Celia Sánchez y Fidel Castro

MIAMI, Estados Unidos. – Celia Sánchez Manduley, quien nació el 9 de mayo de 1920 en Media Luna, actual provincia de Granma, fue la primera mujer que ocupó la posición de soldado combatiente en las filas del Ejército Rebelde y la principal promotora de la creación del pelotón femenino “Las Marianas”, en 1957. 

Luego, tras el triunfo de la Revolución Cubana, fue nombrada secretaria de la Presidencia del Consejo de Ministros y posteriormente ministra de la Presidencia. De esa forma, se mantuvo siempre al lado de Fidel Castro.

“Lo mismo como Norma, que como Lilian, Carmen, Caridad o Aly, Celia fue siempre de una fidelidad y una utilidad inmensurables para Fidel Castro. Algunos la consideraron su mejor perro guardián”, dice el escritor Ernesto Santana Zaldívar en un texto publicado en CubaNet en 2017.

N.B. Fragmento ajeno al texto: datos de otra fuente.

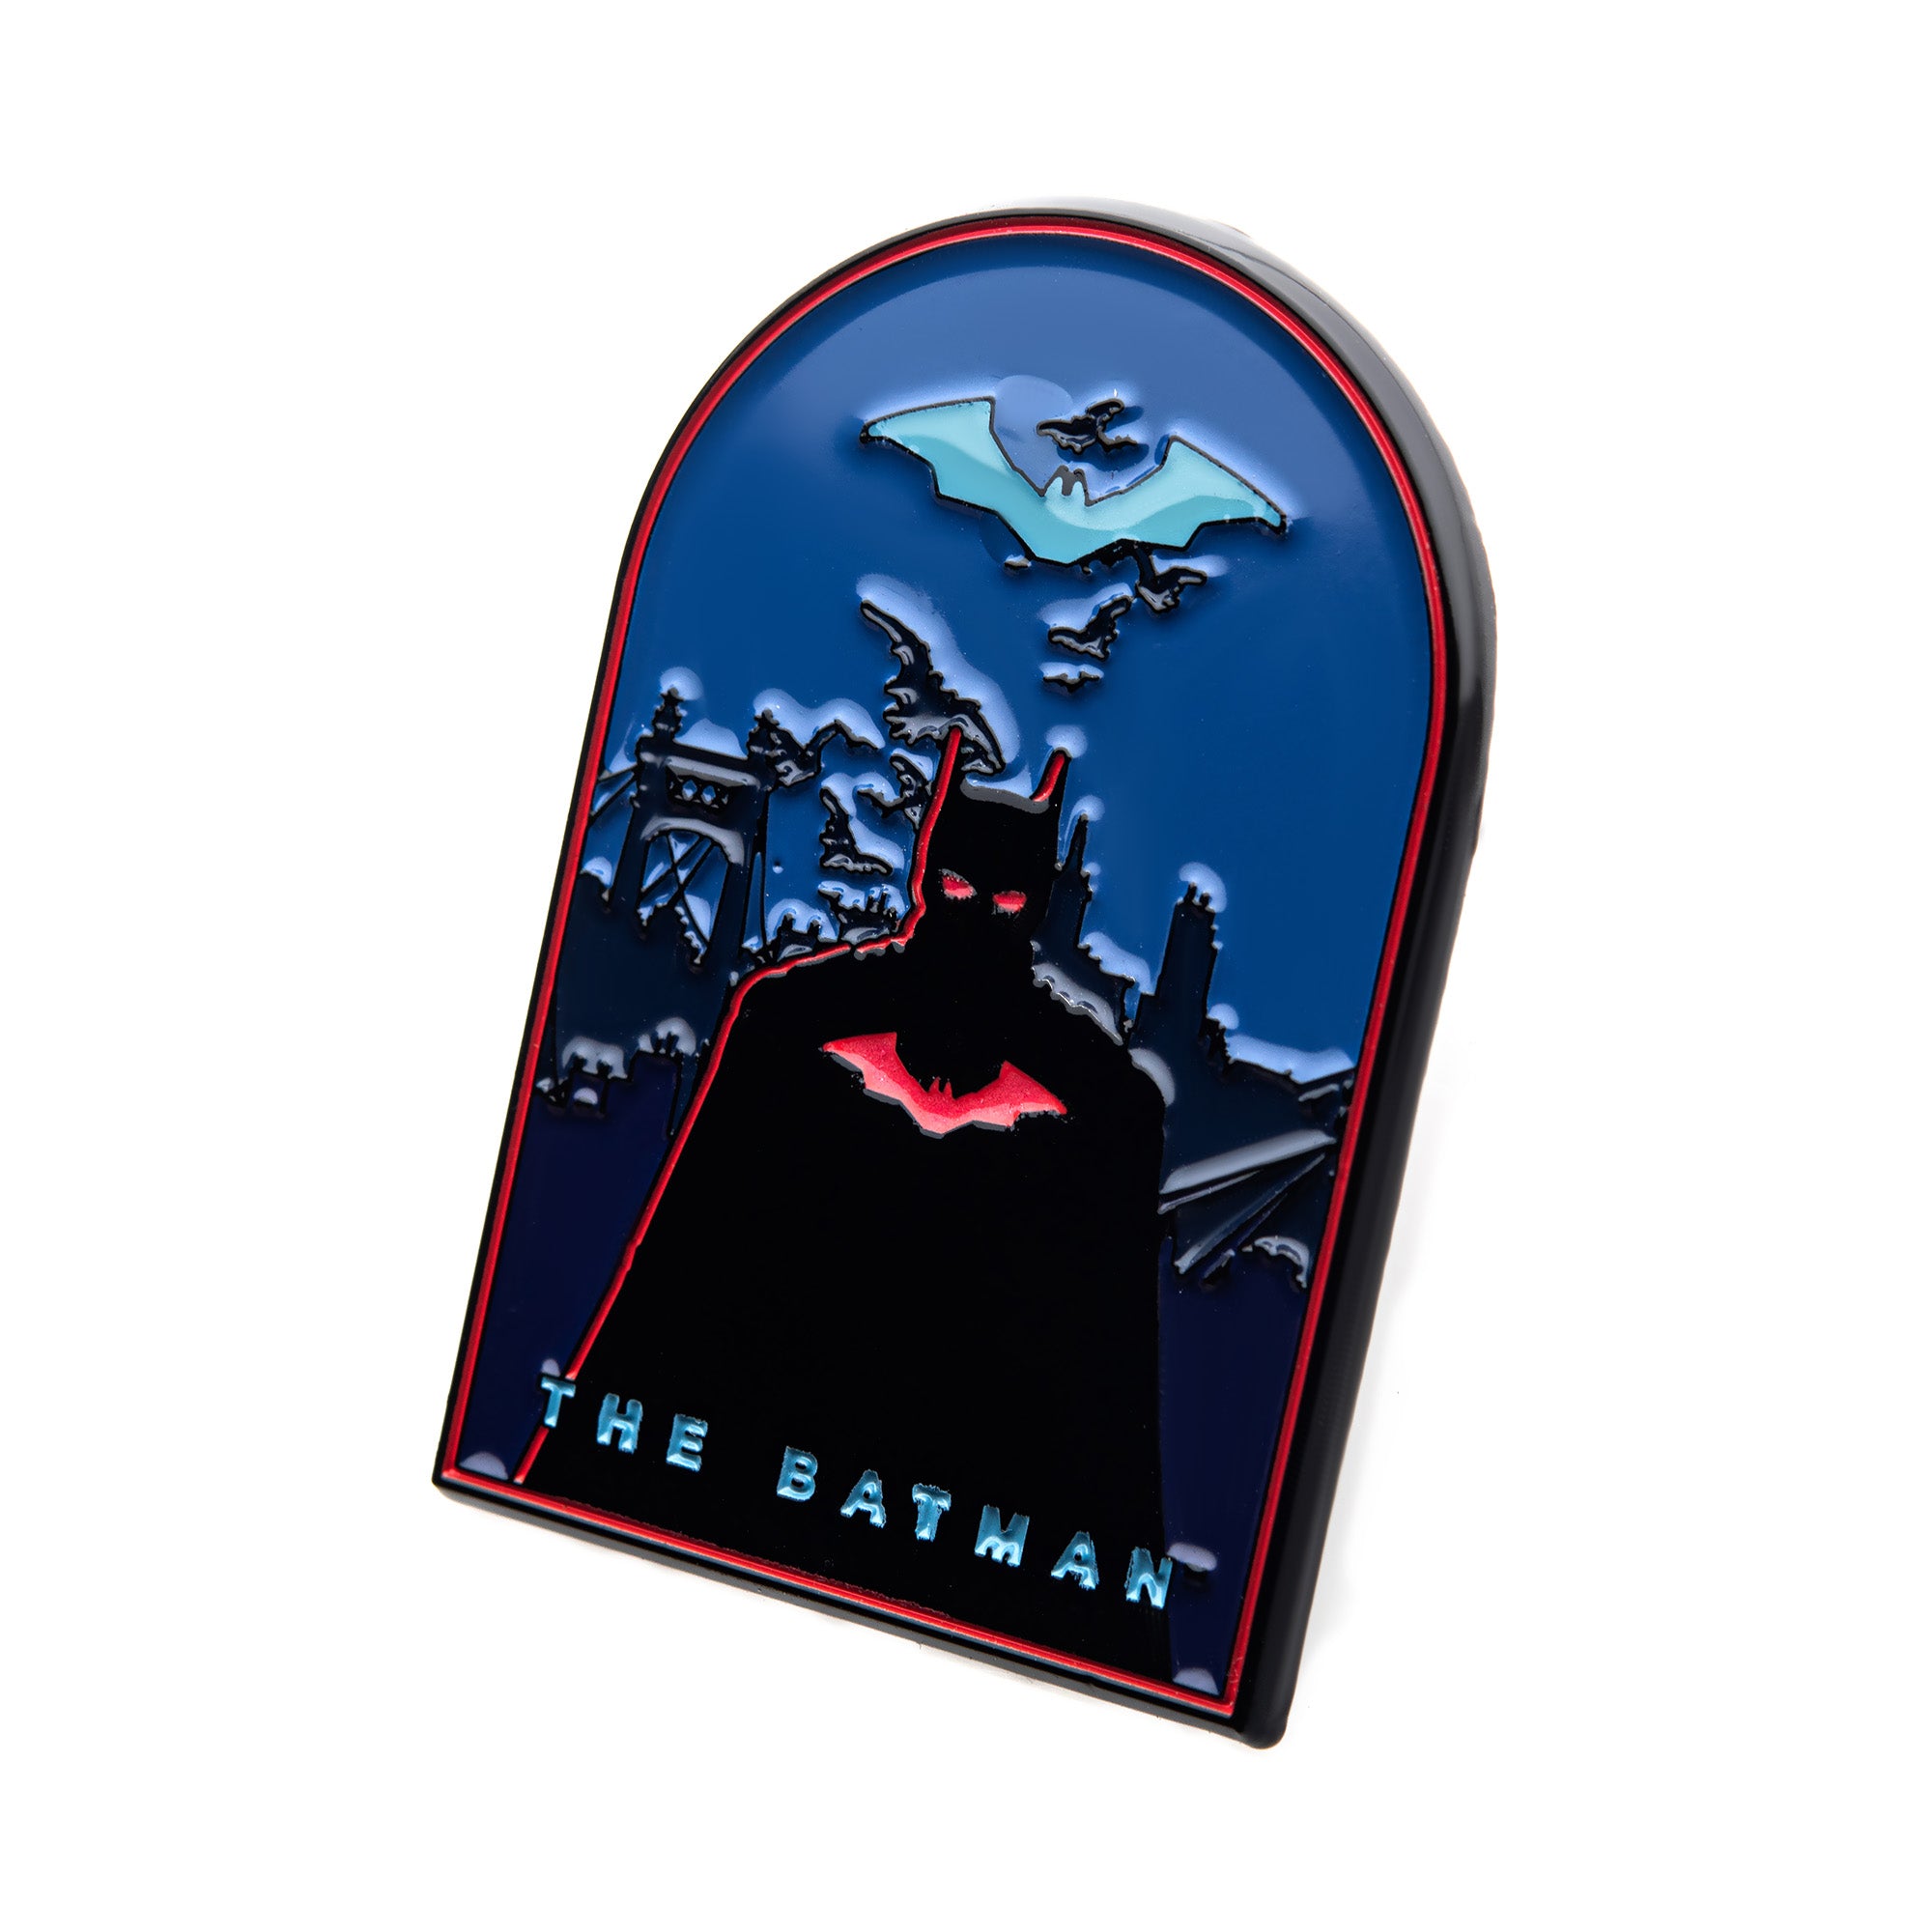 DC Comics The Batman Silhouette Glow-in-the-Dark Enamel Pin

“Ella coordinó la visita de los periodistas Herbert Matthews y Bob Taber a la Sierra. Fue la primera mujer que participó en un combate y fundó el pelotón femenino Mariana Grajales, que fue durante un tiempo escolta personal del jefe”, indica también el autor.

Para Santana Zaldívar, aunque Celia nunca tuvo grados militares, se ocupó de asuntos de la mayor importancia política, desde acompañar a Castro en giras internacionales importantes hasta dirigir la construcción del Palacio de Convenciones de La Habana para una conferencia del grupo de los Países No Alineados. 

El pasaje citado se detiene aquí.